Your threads could be fighting/waiting for Math.random() which is synchronized, you should create an instance of java.util.Random for each thread. Also in this case speedup with multiple threads will only happen if you have more than one core/cpu.
From the javadoc of Math.random():
This method is properly synchronized
to allow correct use by more than one
thread. However, if many threads need
to generate pseudorandom numbers at a
great rate, it may reduce contention
for each thread to have its own
pseudorandom-number generator.
Here is an alternate main method that uses the java.util.concurrency package instead of manually managing the threads and waiting for them to finish.
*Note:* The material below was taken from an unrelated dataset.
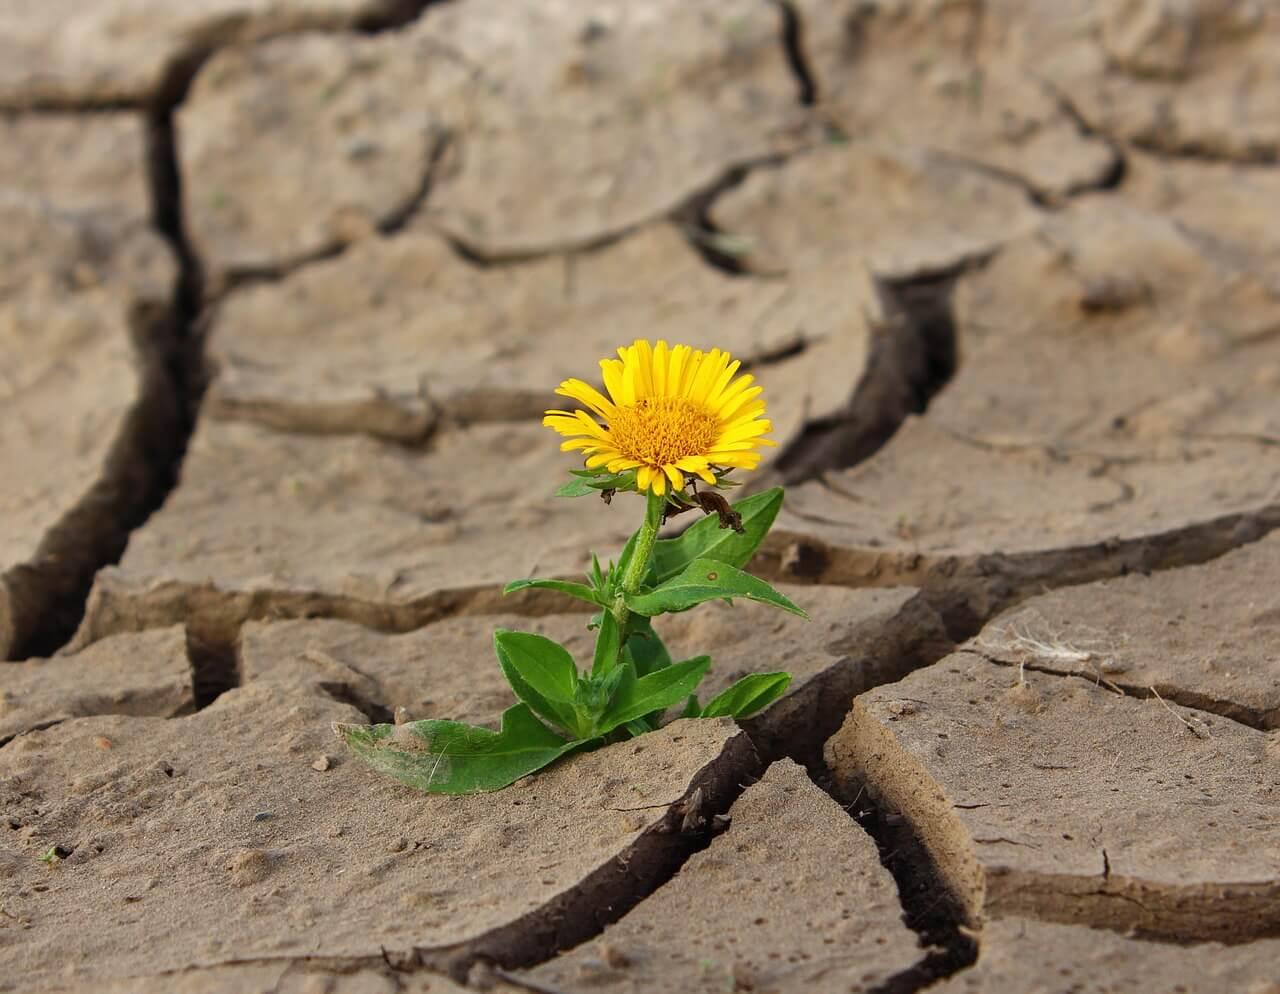 Miért nem működik mindig a pozitív gondolkodás?

public static void main(final String[] args) throws InterruptedException
{
final int threadsCount = Runtime.getRuntime().availableProcessors();
final int size = 10000000;
boolean isQuiet = false;
final PiCalculator pi = new PiCalculator(size);
final ExecutorService es = Executors.newFixedThreadPool(threadsCount);
long time = -System.currentTimeMillis();
int i;
double s = 1.0 / threadsCount;
int p = size / threadsCount;
for (i = 0; i < threadsCount; i++)
{
es.submit(new PiRunnable(pi, s * i, s * (1.0 + i), p, isQuiet));
}
es.shutdown();
while (!es.isTerminated()) { /* do nothing waiting for threads to complete */ }
double myPi = 4.0 * pi.getPointsInCircle() / pi.getPointsInSquare();
System.out.println(myPi + " time = " + (System.currentTimeMillis() + time));
}
I also changed the Math.random() to use local instances of Random for each Runnable.
final private Random rnd;
...
x = this.rnd.nextDouble() * (maxX - minX) + minX;
y = this.rnd.nextDouble();
this is the new output I get ...
3.1419284 time = 235
I think you could probably drop the time some more using Futures and not having to synchronized so much on the PiCalculator.